The 10 square kin ruin site was dominated by the 24 metre high ‘El Castillo’. You could climb the 365 stairs (one for each day of the year) and have a perfect view of the surrounding jungle still engulfing a lot of the ruins - that is, if you make it to the top! Our guide warned us only to walk up 20 steps, turn around, and look down. If the sight of the steps disappearing like a slippery dip scared you, then you should not attempt to go any further. I made it half way up before I decided to slither down on
my backside.

Carvings of a serpent appear on every structure, as this is believed to be the sign of fertility. During the Equinox a bright strip of light appears on the northern steps of the temple, which has the appearance of a serpent, which the Mayans used as a sign to plant and sow their crops.

You can walk through the ‘Great Ball Court’ where teams once played a game with a 12 pound hard ball, throwing it into carved stone circles. A privilege was then bestowed on the winning captain, being the honour of losing his head. Or it was a short walk through the humidity, almost unbearable by this time of day, to the ‘Sacred Cenote’ or sacrificial well where many trinkets and human bones have been found after being sacrificed to the Gods.

After exploring the old ruins we drove back through darkness (as they do not have streetlights on their
dirtways, I mean highways) back to happy hour at the concrete civilisation I knew so well. I remember looking at the workers in the hotel now, wondering what they thought about all this luxury - then going home to a tin shack!

For this third world part of the country, tourism is the number one money maker and those who are established in the industry know how to cater to the American standards and charge you for it. Most prices in the hotels for meals etc, were on par with American prices, thus not making it as cheap as expected. They catered for my every whim so I didn’t even have to leave the hotel grounds. If you did,
beware the Timeshare Salesman. He will offer you anything to get you to look at what is on offer. I was promised free cocktails, free dinner and my day trip to Chichen Itza for half price.

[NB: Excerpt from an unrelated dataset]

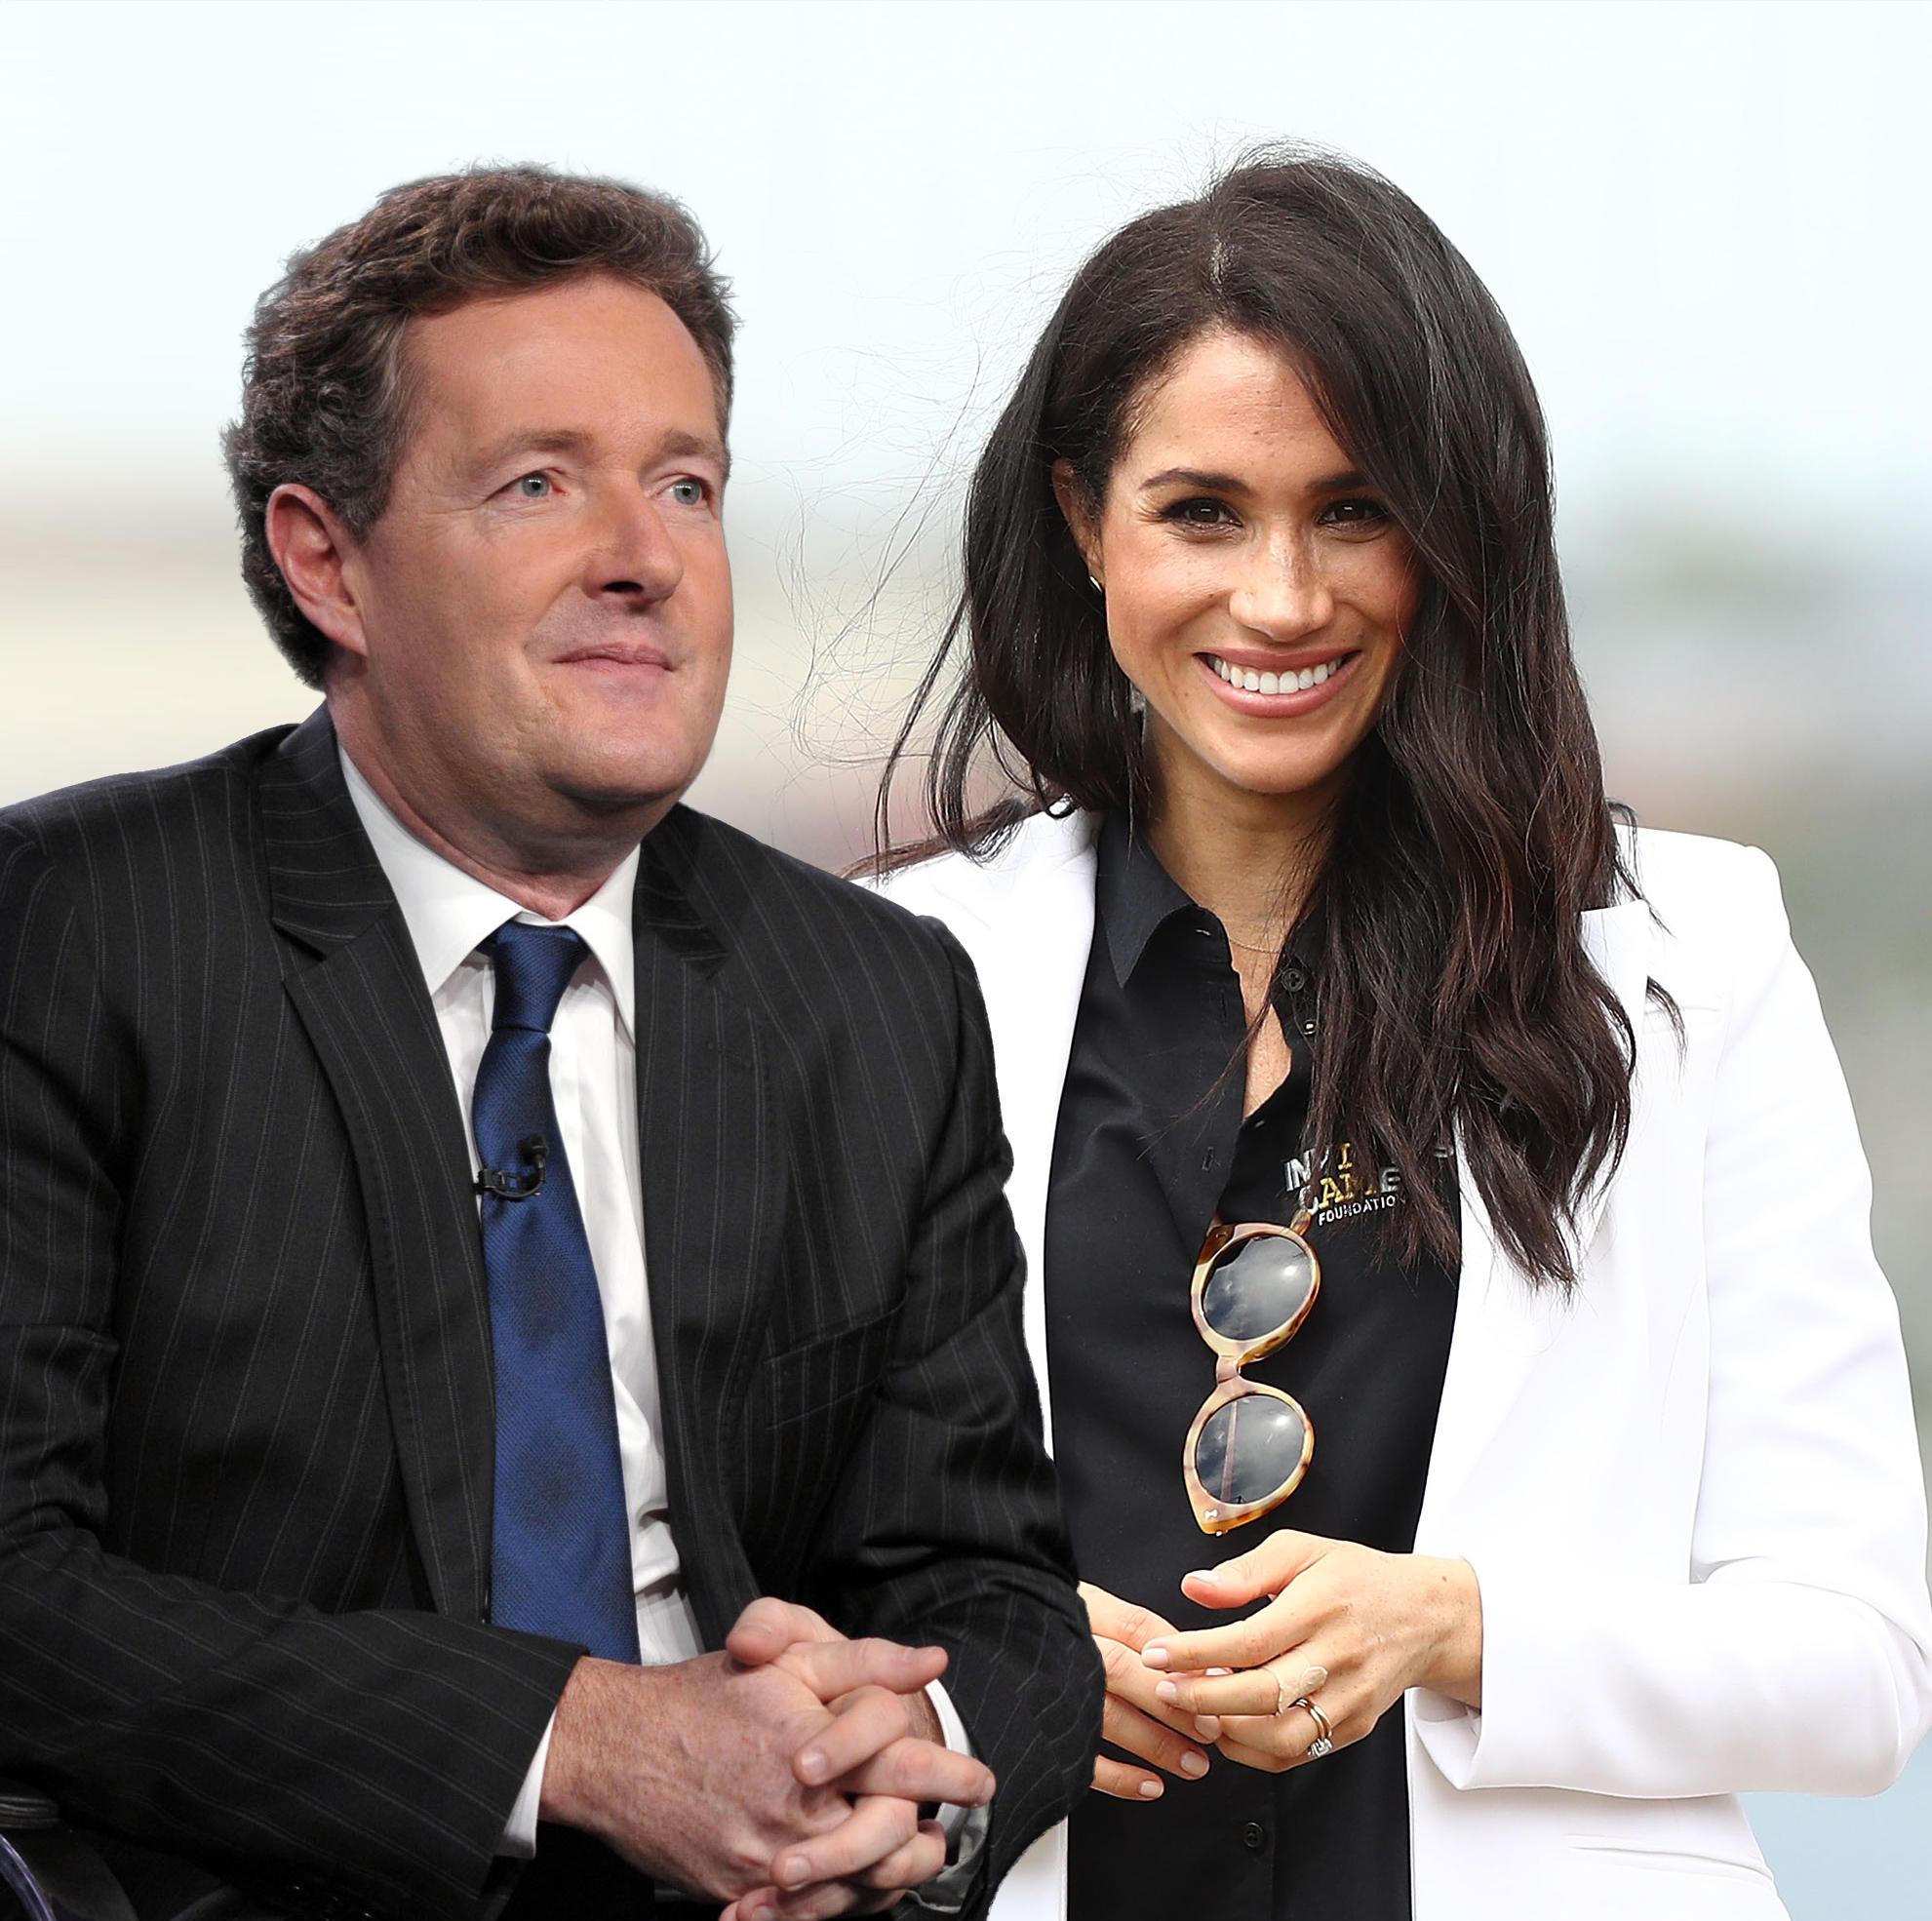 Piers Morgan, Herzogin Meghan

Timeshare Salesmen aside, being another ‘gringo’ in the many cantinas was fun and good value. The food was glorious, and not just taco’s either. Fresh fish, lobster and shrimp were plentiful and you mostly chose the way you wanted them cooked. You could try the Ceviche which is classified as raw fish, but is marinated in vinegar with onions, peppers and spices and served on rice — very nice!
Conch was very popular served fried in bread crumbs. Chicken and beef were served in onions, green peppers and sauce, and wrapped in soft tortillas with Salsa Sauce (a spicy tomato and onion sauce) - simply a must! Guacamole was plentiful, fresh and truly yummy - even better washed down with a shot of Tequila. If these delights weren’t enough, McDonalds was in the centre of town along with many
pizzerias.

I found the shopping expensive and disappointing. Trinkets looked cheap and nasty, though, if you found a street stall you could pick up an authentic handmade wood carving of a Mayan God, some jewelry or a blanket. Shopping malls are springing up all over the town with money exchanges (which you don’t need as they accept US Dollars), car rentals and designer stores — but who goes to Mexico to pick up the latest Chanel! Of course T-shirts were plentiful and how could I resist my ‘I’ve been to Cancun too’ shirt in psychodelic pink.

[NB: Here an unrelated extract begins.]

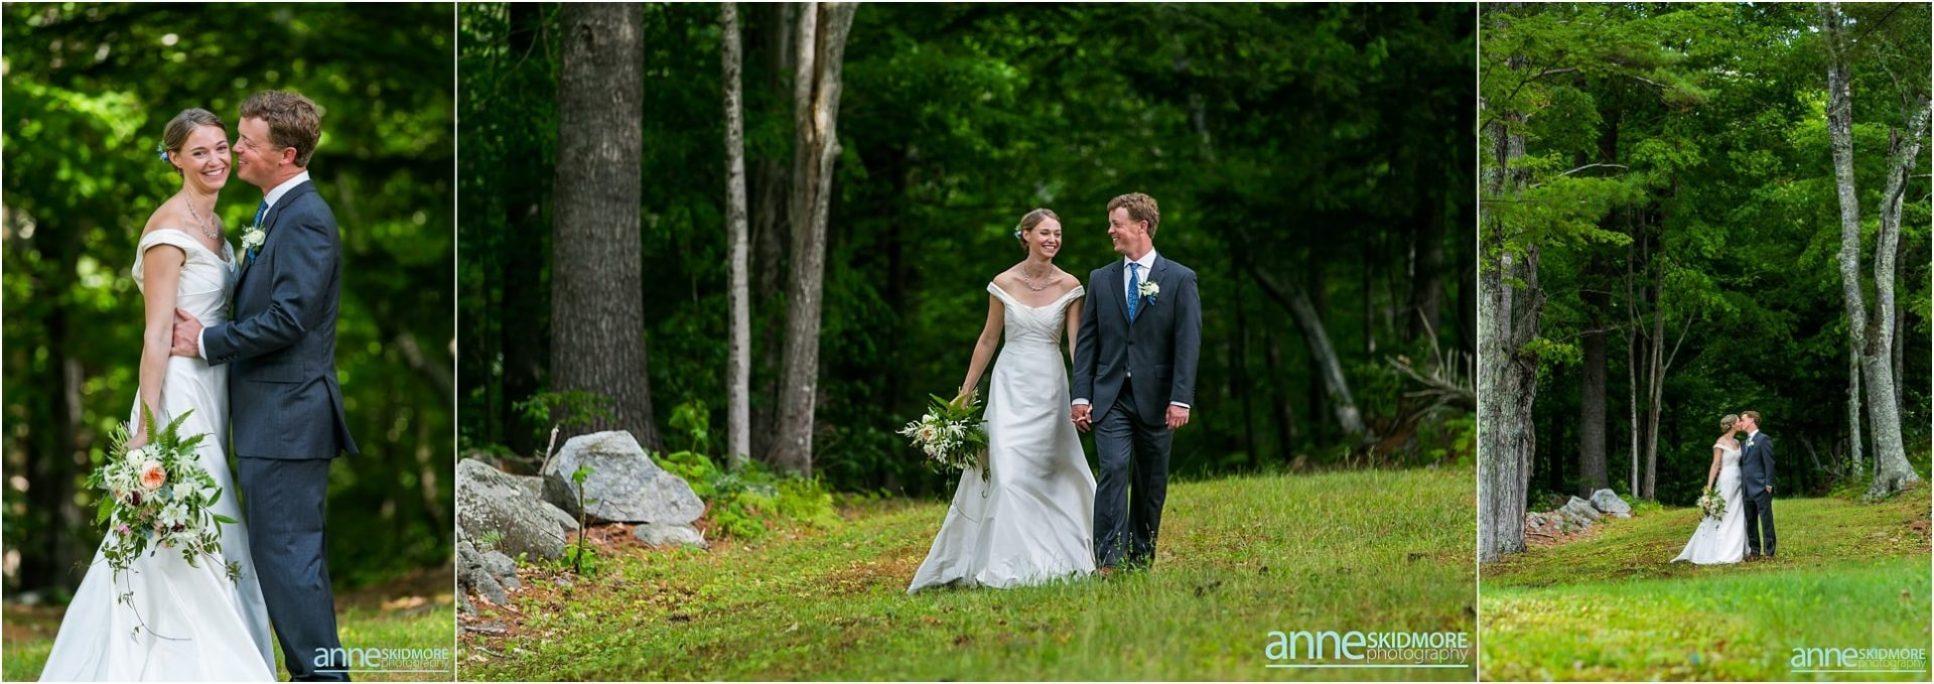 new_hampshire_wedding_photography_0028

As my last day was approaching, I basqued in the sun once more reflecting on the two sides of Mexico I had experienced, that of the luxury holiday playgrounds along the coast and the poverty inland. Which one would I like to experience again — Yes, both of them.

I went on a package tour in November from LA which included my flight and 7 nights accommodation in a first class hotel for about £400.